I still need to clarify this. TV shows shouldn't be rebooted or turned into motion pictures. That is at least without the original casts. If one wants to do an homage, do one; do not revamp a decent piece of culture into hardcore camp. Big name actors in movies "introducing new audiences" to "old television classics" from twenty years ago in a 90-120 minute with format-scripted modern changes should be left to realm of parody.

It's been a long ride with Flash for me. My first introduction to the Flash Gordon cycle was in Germany about '74. It was in English but had been produced in Berlin from the 50s with Steven Holland. I can't remember Ming or Mongo ever being mentioned. There was something about Pluto or Charon and a space-based FBI--kind of boring and hokey. In the States in like 1979, I started watching an animated series Flash Gordon: The Greatest Adventure of All on Detroit's Channel 20 (I think). There I started learning the classic Ming Vs. Earth saga. Someone drove me to the mall to catch the 1980s sexual chocolate take on Flash Gordon with Freddy Mercury as Ming (wink) and some dude with dyed hair as Flash's stunt double-- still a good movie, a lot of hot chicks and hawk-men.  When I got my license, I'd be introduced to the serials by late night TV on CABLE at my sister's apartment. It was all so cool. Throughout the years, I'd read works from the 30s and still be like "Wow. That is kewl." Most recently, I've been taking a look at comic books, mostly diminishing any respect I ever had for comic book producers and writers. Today, I catch a comic strip, which I think is net-based, but the writing is great. It is even adding to the vast lexicon of my favorite Science Fiction heroes and villains yet. It has been anything but a straight line, but now that I know the chronology of releases, it's only gotten better. I absolutely adore the CBC's take on Flash Gordon from 2007-- got problems with it? I'll fight you.

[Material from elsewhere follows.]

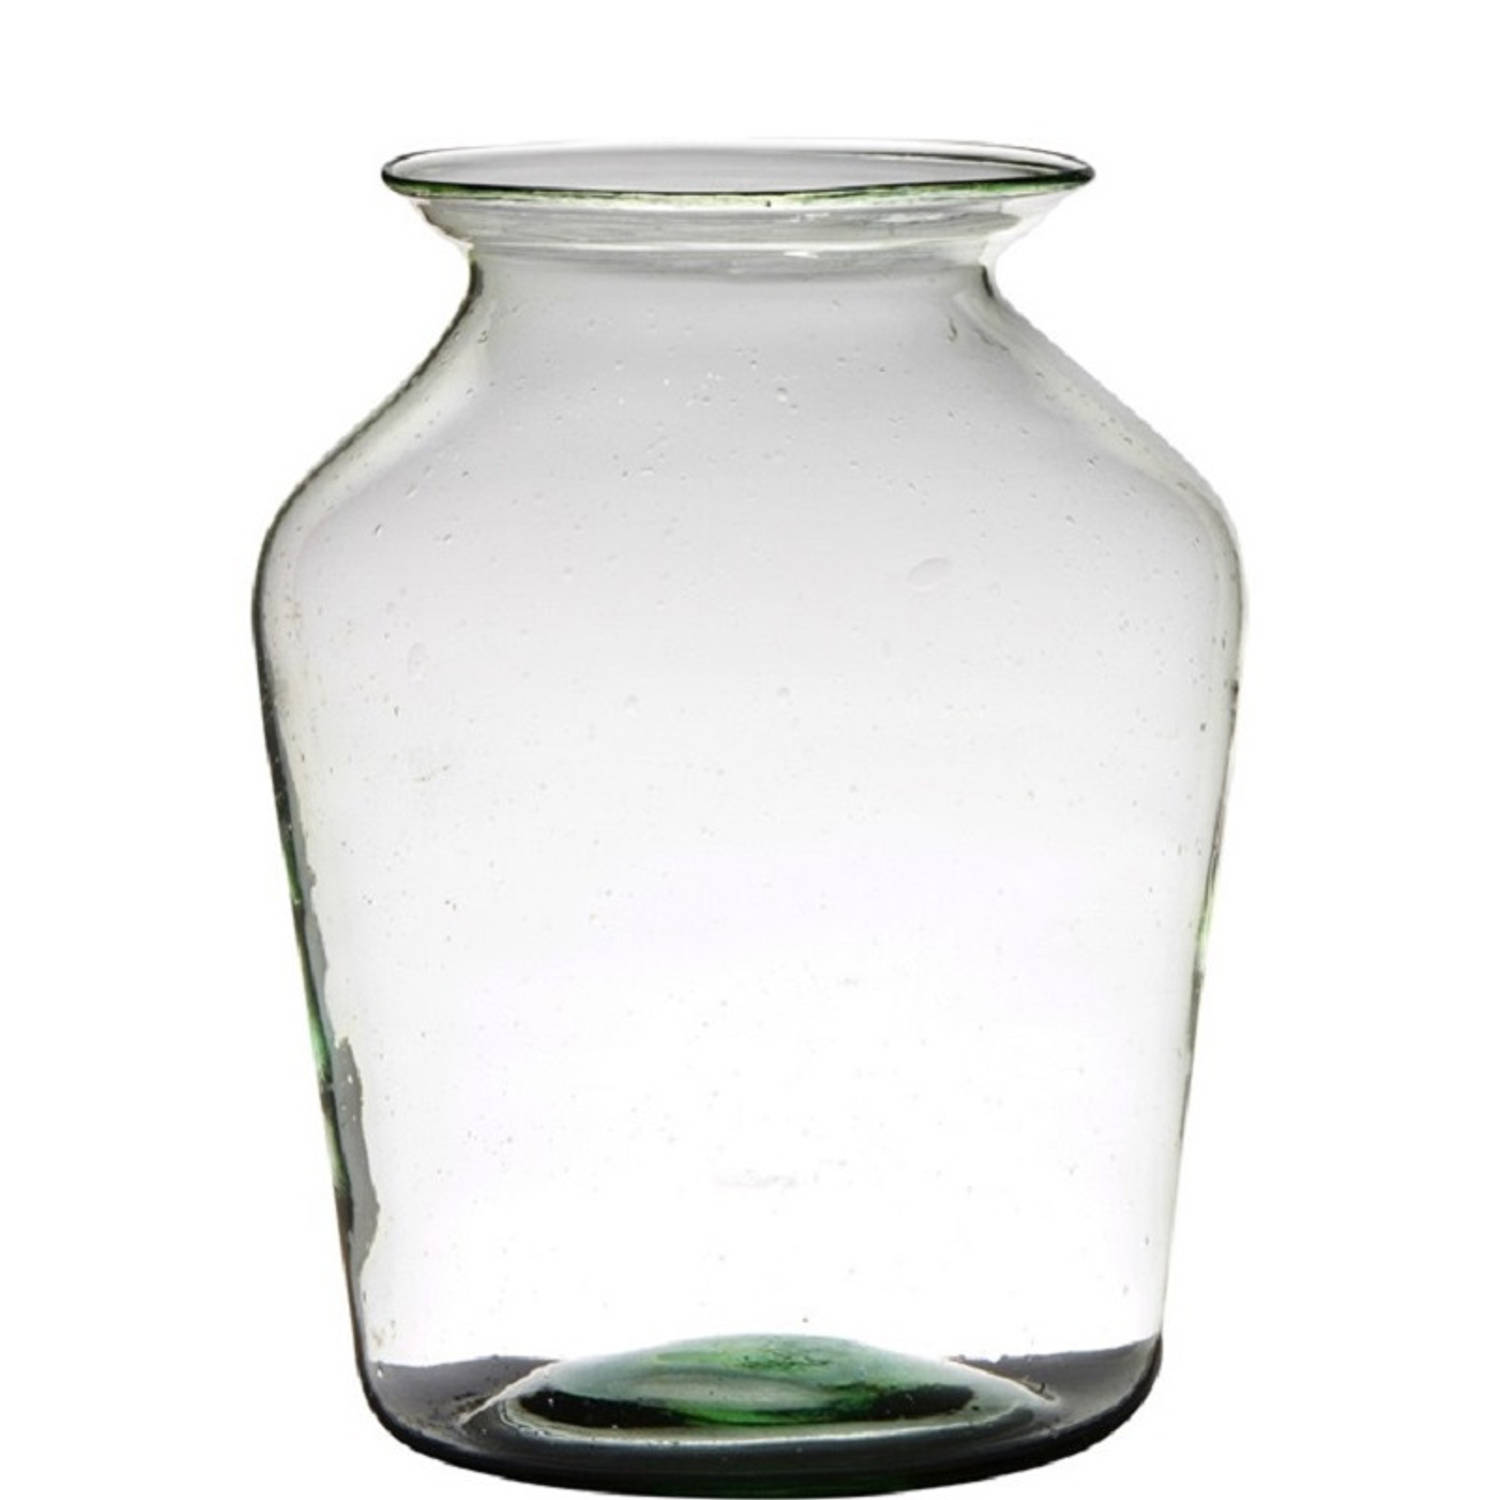 Transparante luxe grote stijlvolle vaas/vazen van gerecycled glas 36 x 24 cm - Bloemen/boeketten vaas voor binnen gebruik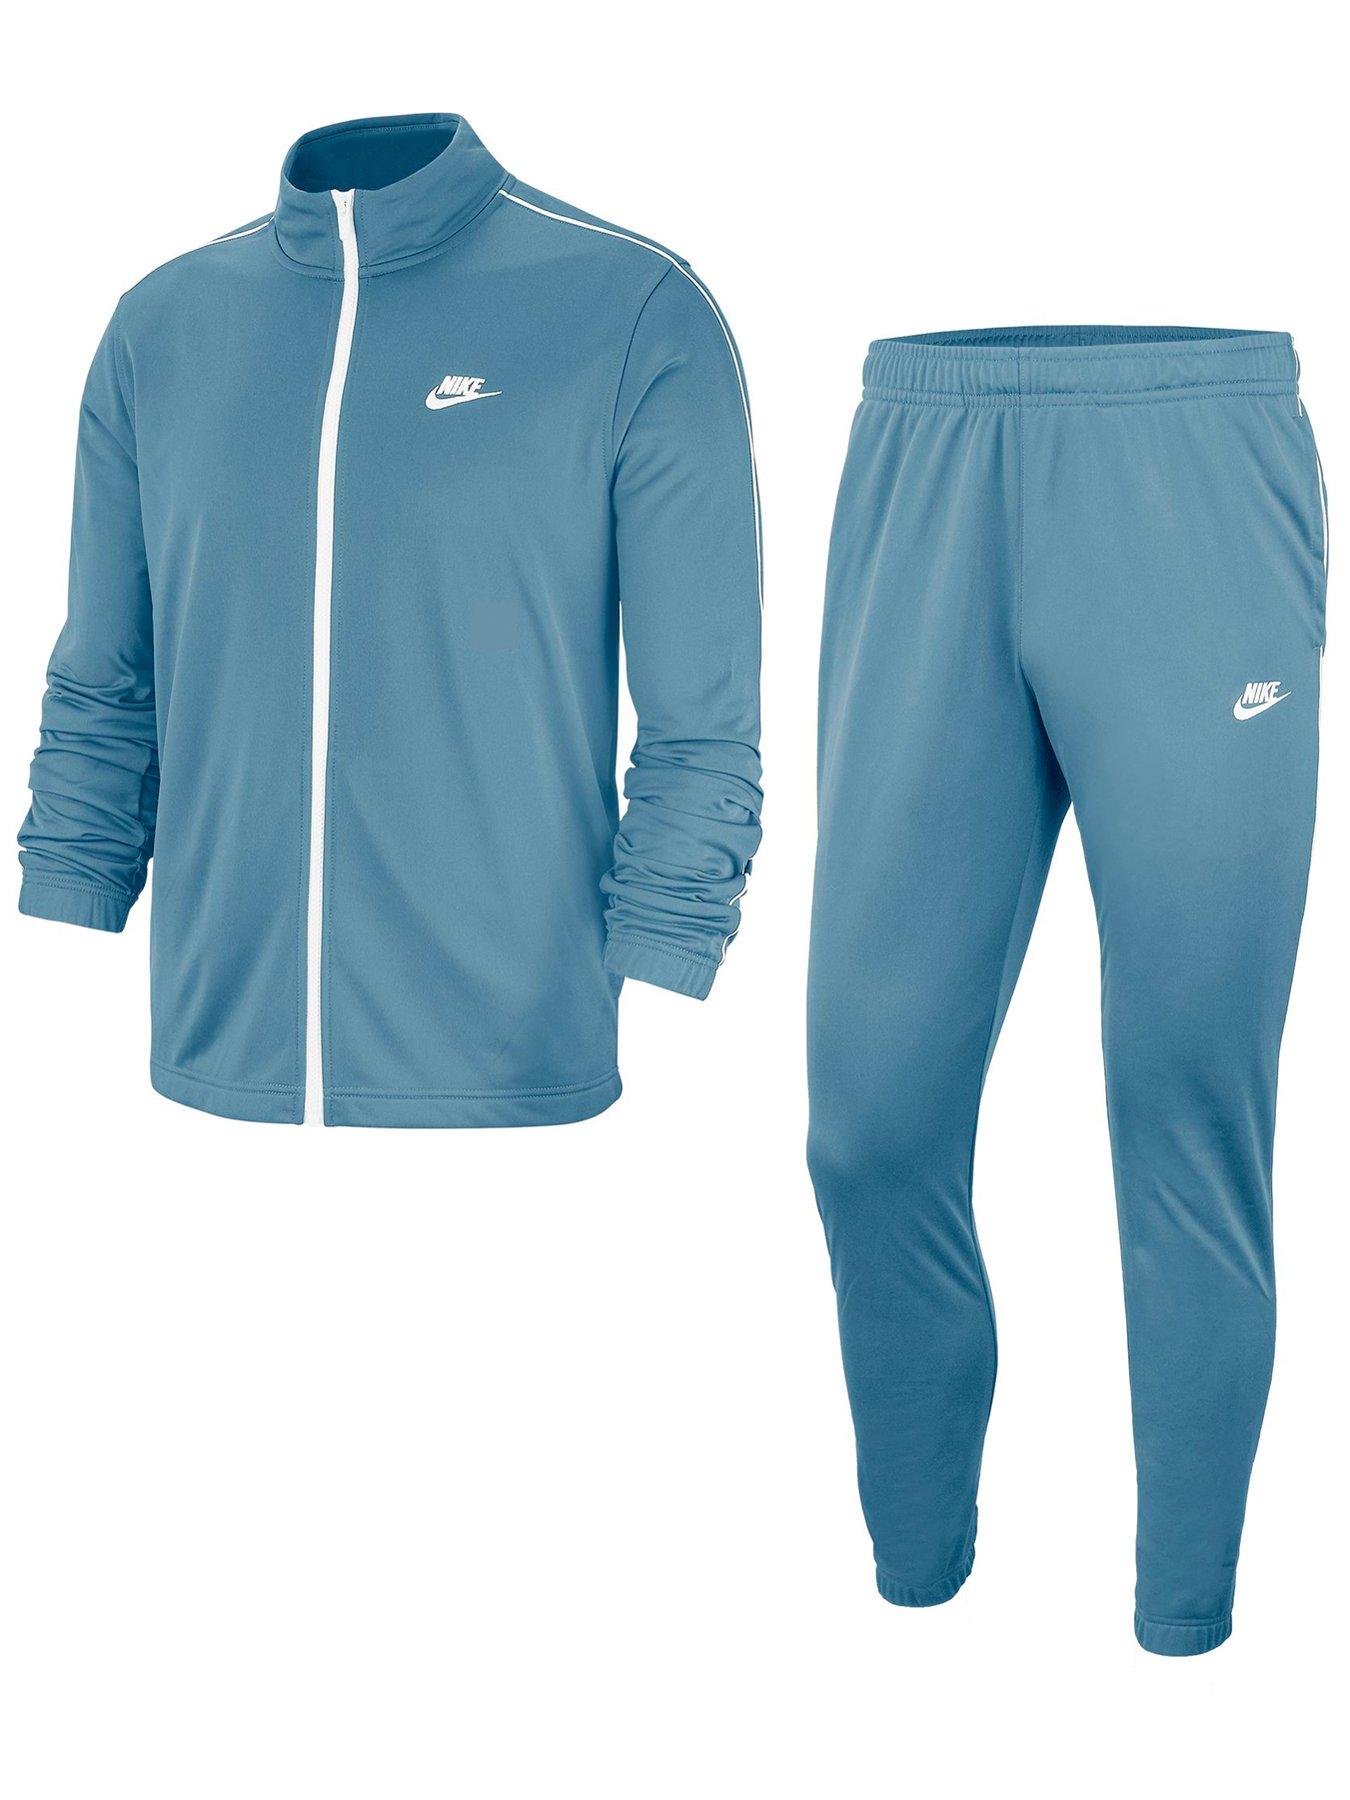 Nike Tracksuit - Blue/White | very.co.uk

Indeed, with this "franchise" it still evokes excitement when I hear about the next take. I am much happier with my varied experiences with Flash Gordon, since the 1970s, than I have been with, say, Star Wars or Star Trek. I suppose it's because the milieu of this spaceship-laden folklore isn't based off of internet searches of vocabulary to determine what is the next popular thing, but has a long catalog of themes and ideas already discovered awaiting interpretation.